«Интеллектуальный теракт, длящийся полтысячелетия…»
«Непроходимую пропасть между иудаизмом и христианством Даниэль закрыл своим телом, и пока он жил, в пространстве его жизни все было едино, усилием его существования кровоточащая рана исцелилась. Ненадолго. На время его жизни», — красиво рефлексирует Людмила Улицкая. Но, спрашивается, какая нужда «закрывать» пропасть? Какая нужна в «единстве» иудаизма и христианства? И кто реально сегодня видит тут проблему «кровоточащей раны»? Очевидно, прежде всего, сама писательница, поддерживающая старый миф о «гонимом народе» и «врожденном» антисемитизме христиан: «Никуда нельзя уйти от факта, что двухтысячелетнее официальное христианство хотя и руководствовалось заветами христианской любви, но несло в себе неистребимую ненависть к евреям».
Для автора, вслед за Штайном, важна историчность веры, первенство иудаизма, период первохристианства. Но тогда и Бог — фигура истории, и Его существование тоже оказывается « историческим » (что вообще-то есть плевок в Бога!). Мало того, у Улицкой Бог в Сыне Своем кровно связан с иудеями: для брата Даниэля принципиальны размышления о генеалогическом древе Христа. Вопрос Его национальности заслоняет природу Христа как Сына Божия («Ииусус был настоящим иудеем…», «мне же надлежит искать на этой земле, в среде народа, которому я принадлежу Христа-иудея», так как Он был «в исторической реальности именно иудеем (выделено мной — К.К.») — утверждает Штайн, а автор предисловия к книге, вспоминая некоего Рабиновича, организовавшего в конце XIX века иудео-христианскую общину в Кишиневе, говорит о том, что и он, и Даниэль Штайн-Руфайзен «искали во Христе подлинного Мессию, обетованного Израилю»).
Несмотря на кажущуюся современному читателю «оригинальность» отца Даниэля и «колоссальность» авторских усилий Улицкой, мы должны напомнить, что и герой, и автор примыкают к давно существующей интеллектуальной тенденции, возникшей еще в XIX столетии под названием «исторической школы» (в том числе и в догматике) — школы и ее метода, давно осмысленных как поражение , ведь «исторический метод» неспособен «выявить центральную истину христианства, существенно метафизическую, трансцендентную всякой «истории»» (В.Ф.Эрн. «Борьба за логос»). А поскольку этот синдром исторического позитивизма в отечественной культуре был блестяще осмыслен Н.П.Ильиным (в статье «Держащийся за полу. Маргиналии к «догматике» Карла Барта), мы приведем аргументы из его работы.

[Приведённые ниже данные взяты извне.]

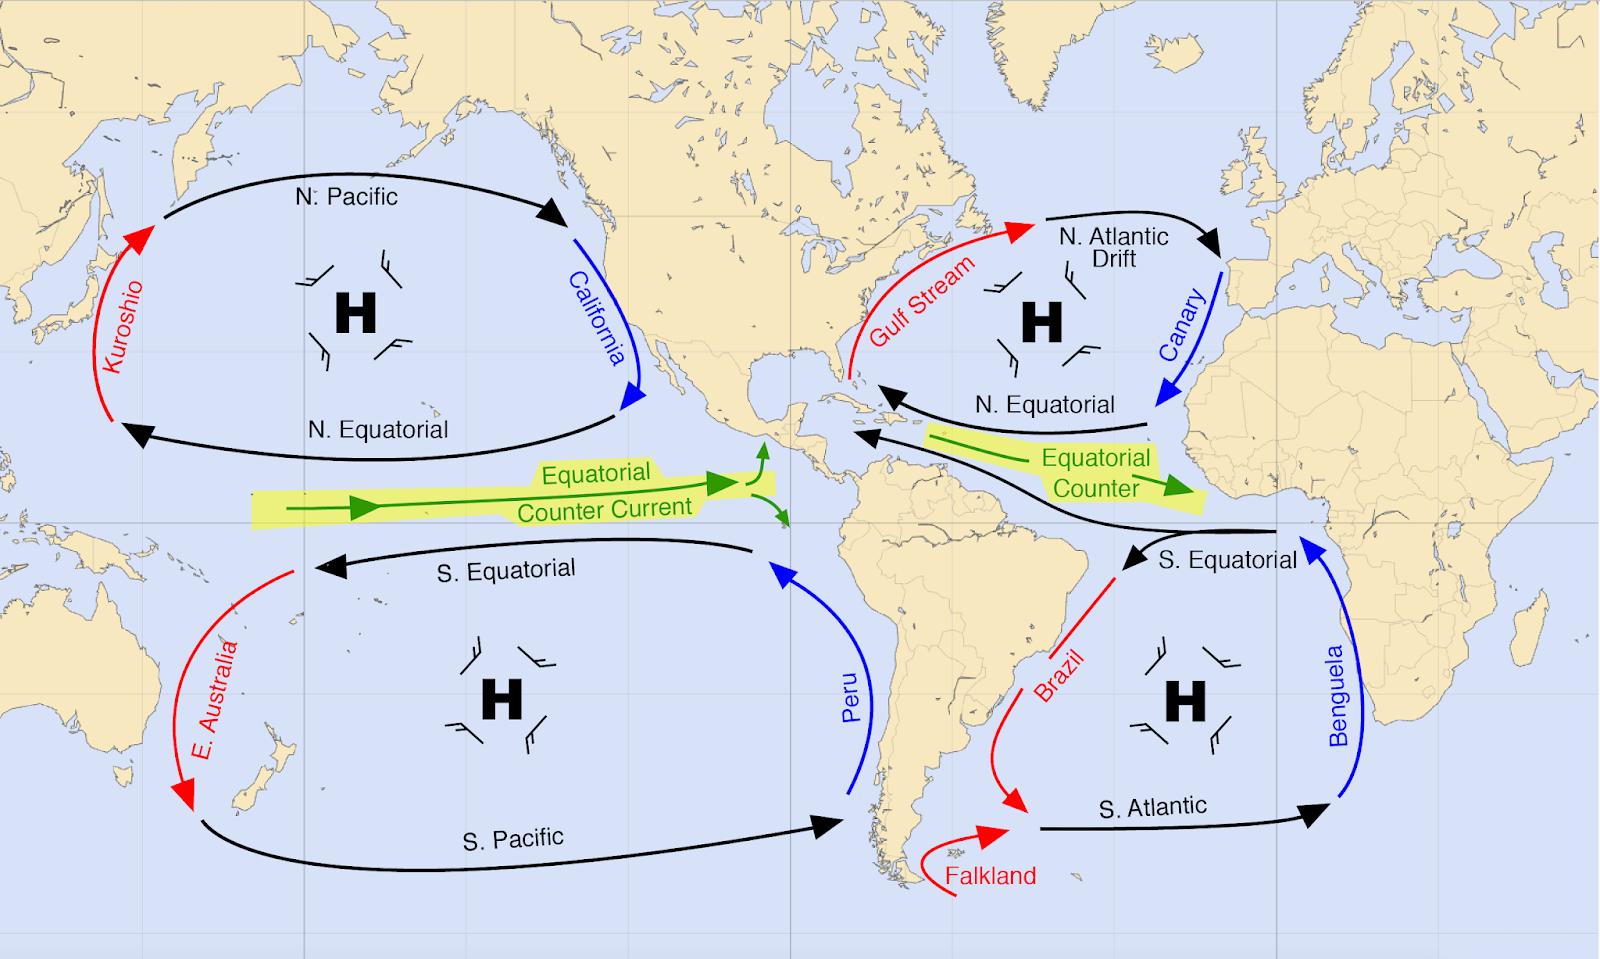 David Burch Navigation Blog Equatorial Countercurrents

Карл Барт (протестантский теолог XX века, считающийся в определенных либеральных кругах «выдающимся»), как и скромный герой Улицкой считал, что «христианин обязан «переводить» язык Церкви на «язык времени», обязан «говорить по-мирски». Без такого перевода, пугает Барт, Церковь становится «Церковью молчания»; хуже того, она «как в Германии 33-го года» может стать «Церковью молчащих собак»» (Ильин Н.П.). Для автора романа о Штайне Германию 33-го года «спасает», очевидно, немка Хильда своим служением государству Израиль, но вот роль «Церкви молчания» (о правде) отводится Русской Православной Церкви. «Разве Сын Человеческий в поношенных сандалиях и бедной одежде принял бы в свой круг эту византийскую свору царедворцев, — вопрошает Улицкая, — алчных, циничных, которые сегодня составляют церковный истеблишмент?» И хотя в романе нет ни России, ни православных христиан, зависимый от толерантности автор высказывается весьма решительно в одном из «писем подруге», входящих в повествование о Штайне: «В России церковь отвыкла за советские годы быть победительной. Быть гонимой и униженной ей больше к лицу. Но вот что произошло — с переменой власти наша церковь пала на спину и замурлыкала государству: любите нас, а мы будем любить вас. И воровать, и делиться… И церковный народ принял это с ликованием». Что и говорить, — прав был Г.Чистяков — сильный художественный образ! Вместо «молчащих собак» мы видим «мурлыкающих котов»! Но вот я, честно сказать, не видела такого ликования церковного народа. «Что касается требования, чтобы Церковь говорила «языком времени»? — продолжает Ильин, — то ведь тогда нужно и разъяснить, что это за язык? Какое из множества наречий, на которых говорят люди, соединенные национальностью, общим трудом, политической системой, научными и философскими школами, — больше всего соответствует «языку времени? Не должна ли именно поэтому Церковь говорить на своем языке, а не усваивать тот или иной жаргон эпохи? Язык веры, даже в большей степени, чем язык философии, выделяет вечное в языке каждого народа. Такой язык не нуждается в переводе на язык партийно-политических пристрастий, чтобы быть понятным народу».